Dryer 3 is commissioned at Dunsandel in 2015, a dedicated infant formula grade spray dryer.

In 2016, Synlait lists on the Australian Securities Exchange (ASX) under code SM1., and completes a $98 million capital raise.

Synlait buys The New Zealand Dairy Company Limited in May 2017, and commissions Synlait Auckland a blending and consumer packaging facility.

In 2018, Synlait purchased of 28 hectares of land in Pōkeno, North Waikato to establish its second nutritional powder manufacturing site, which would become Synlait Pokeno, capable of plant-based dairy and food production. This was followed by the official opening of the Synlait Research and Development Centre in Palmerston North, a partnership with Massey University and Food HQ. Construction of the Advanced Liquid Dairy Packaging Facility commenced at Synlait Dunsandel, which would produce high spec UHT cream and other cream based productions for the foodservice industry.

Synlait announced ambitious Science Based Targets initiative emissions reduction targets of 30% by 2030.

In 2019, Synlait commissioned New Zealand’s first large-scale electrode boiler at Synlait Dunsandel, and Prime Minister Jacinda Ardern opened its Whakapuawai plant nursery, to assist Synlait farmer suppliers in reducing on-farm emissions via carbon capture, and to control nitrogen run off. Synlait also acquired Talbot Forest Cheese and Dairyworks and Synlait Pokeno began full-time production. Synlait's revenue passed NZ$1 billion for the first time in FY20.

Synlait became a Certified B Corporation in June 2020, the first NZ-headquartered dairy company to do so. Synlait also signed a new manufacturing supply agreement is signed with a large multi-national 'Customer S' (believed to be Abbott Laboratories) to manufacture, blend and package nutritional products which include plant-based products.

In 2023, Synlait announced its intention to sell its Dairyworks and Talbot Forest Cheese brands as the company refocuses its strategy toward advanced nutrition powders and foodservice products, and away from consumer dairy.

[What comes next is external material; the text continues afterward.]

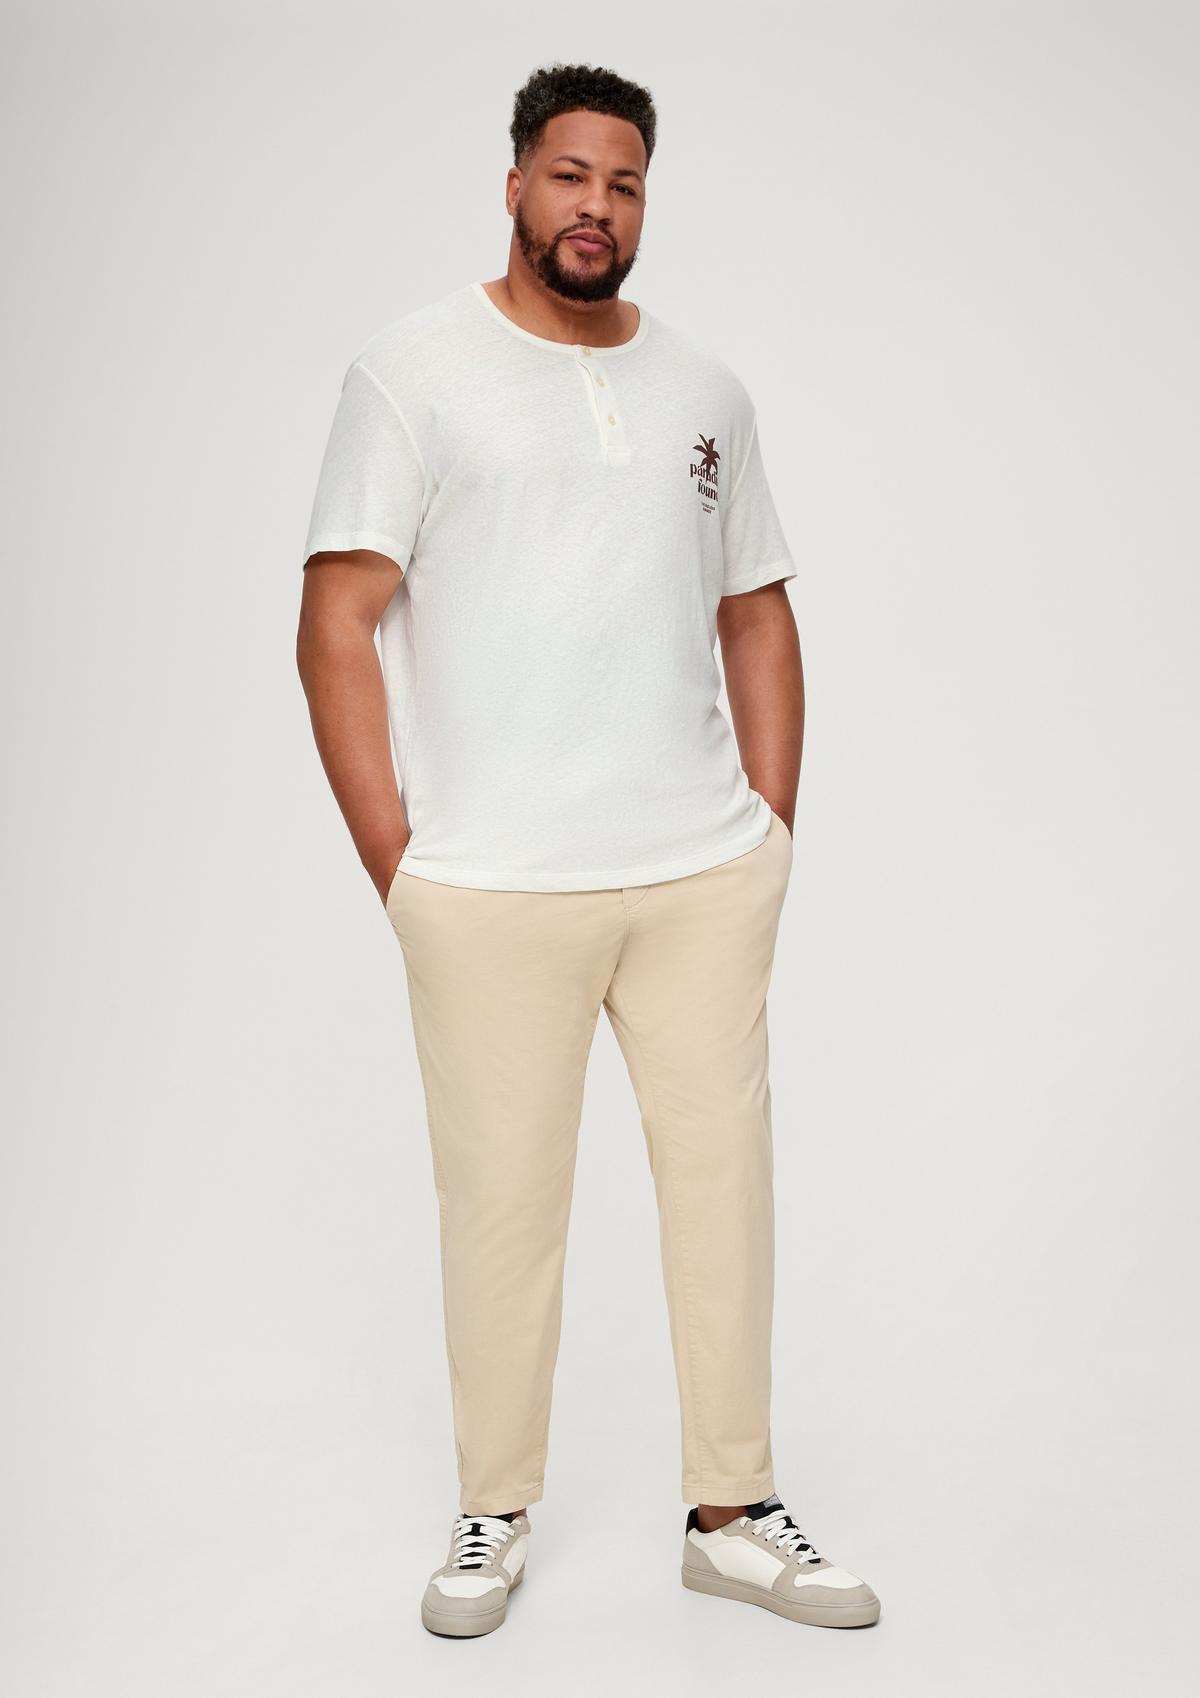 s.Oliver T-shirt made of cotton and hemp

In 2024, Synlait continued to struggle in an increasing competitive environment having made questionable strategic decisions. Following poor 2023 results where all key indicators were negative, concerns about the company's ability to continue operations grew. Synlait relied on China's Dairy Bright increasing it's stake from 39% to 65% bought at $0.60 a share for a $185 million issue of shares. A2 milk also retaining its 19% stake with a $32 million issue of shares at $0.43 per share.

Continuing in late 2024, Synlait ”slumped to large losses” after having unsustainable levels of debt, too much production capacity and significantly higher interest rates.